0

I have an imbalanced dataset of 227846 observations and 30 columns and I would like to apply smote from the smotefamily library and then tomek from the themis library on the smote data to make the dataset balanced/near balanced. The original dataset is the credit card fraud dataset from kaggle with 284807 observations and I've split the data 80:20 training testing. So the 227846 observations is actually the training data. I've successfully used smote on the training dataset to obtain a new dataset with 455184 obs and 30 columns, no missing data. However the when I try to use tomek() on the smote data, it returns 0 obs. of 30 variables. When I use dim() it returns 0 30. I have no idea what else to try.

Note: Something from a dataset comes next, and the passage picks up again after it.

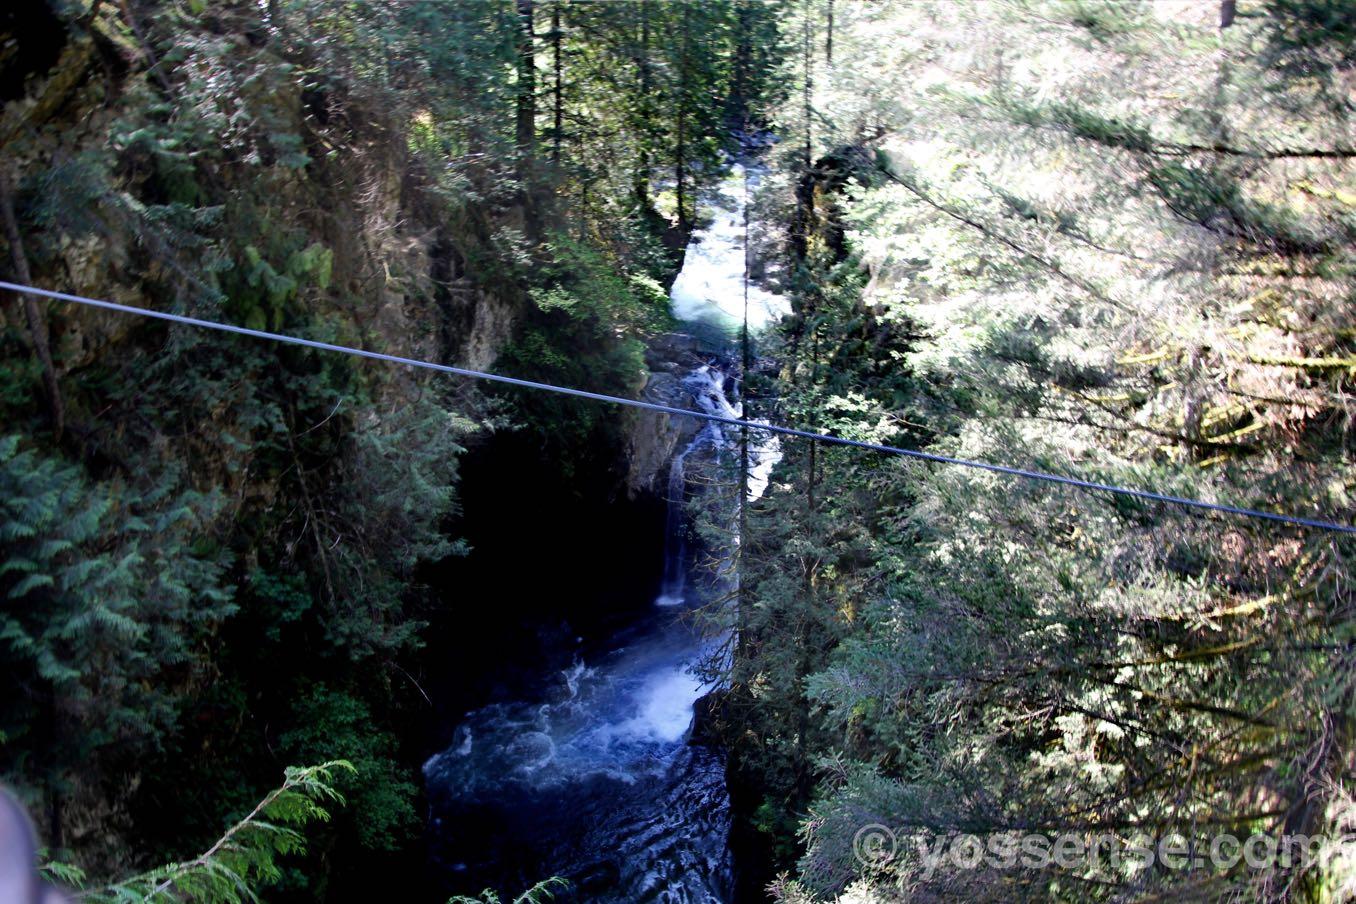 吊橋から滝が見えますよ

A snippet of my code is below

X <- data %>% 
  select(V1, V2, V3, V4, V5, V6, V7, V8, V9, V10, V11, V12, V13, V14, V15, 
         V16, V17, V18, V19, V20, V21, V22, V23, V24, V25, V26, V27, V28, 
         Amount)
Y <- Class

library(caTools)
set.seed(123)
d_sample <- sample.split(Class, SplitRatio=0.80)
Xtrain <- subset(X, d_sample==TRUE)
Xtest <- subset(X, d_sample==FALSE)
Ytrain <- subset(Y, d_sample==TRUE)
Ytest <- subset(Y, d_sample==FALSE)

training <- tibble(Xtrain, Ytrain)
testing <- tibble(Xtest, Ytest) 

library(smotefamily)
set.seed(123)
smote <- SMOTE(Xtrain, Ytrain, dup_size = 577)
#Xtrain is the training dataset excluding the factor variable, Ytrain is a column vector of the factor variable
#the dataset is really large so I had to use a large dup value to achieve balance

SMT <- smote$data
#SMT has no missing values

SMT$class <- as.factor(SMT$class)
library(themis)
set.seed(123)
SMTL <- themis::tomek(data.frame(SMT), var= "class") 

I've ensured that there were no missing values, the factor variable was indeed a factor, the other variables were all numeric and even used themis::tomek() and specified my dataset as a dataframe but I'm still getting 0 observations. When I tried this exact same code on a smaller dataset of about 800 observations, it worked perfectly and removed the pairs of tomek links from the smote dataset easily.

0 Answers0